Exercise goal
Of the entries below, return only those lines from the line with "Jameson Caskmates IPA" to the line with "Zara - Premium Wash Skinny Jeans", exactly, both included.

BEGIN Data supplied

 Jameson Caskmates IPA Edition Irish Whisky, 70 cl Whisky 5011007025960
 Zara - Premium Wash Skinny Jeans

END Data supplied
BEGIN Data supplied

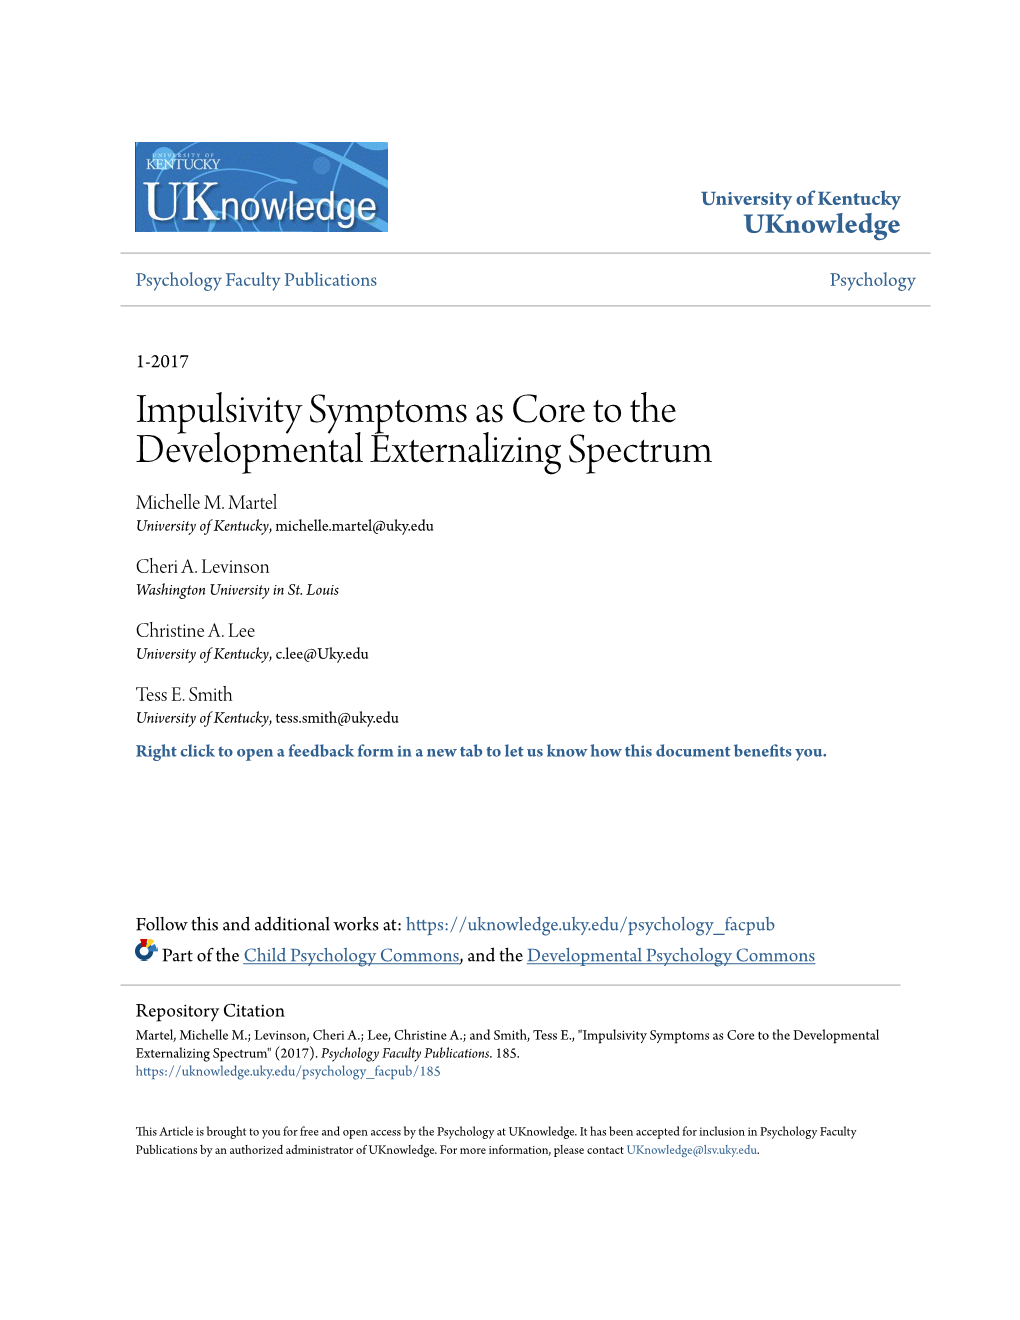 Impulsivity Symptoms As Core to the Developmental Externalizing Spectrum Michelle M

END Data supplied

Task answer
 Jameson Caskmates IPA Edition Irish Whisky, 70 cl Whisky 5011007025960
 Zara - Premium Wash Skinny Jeans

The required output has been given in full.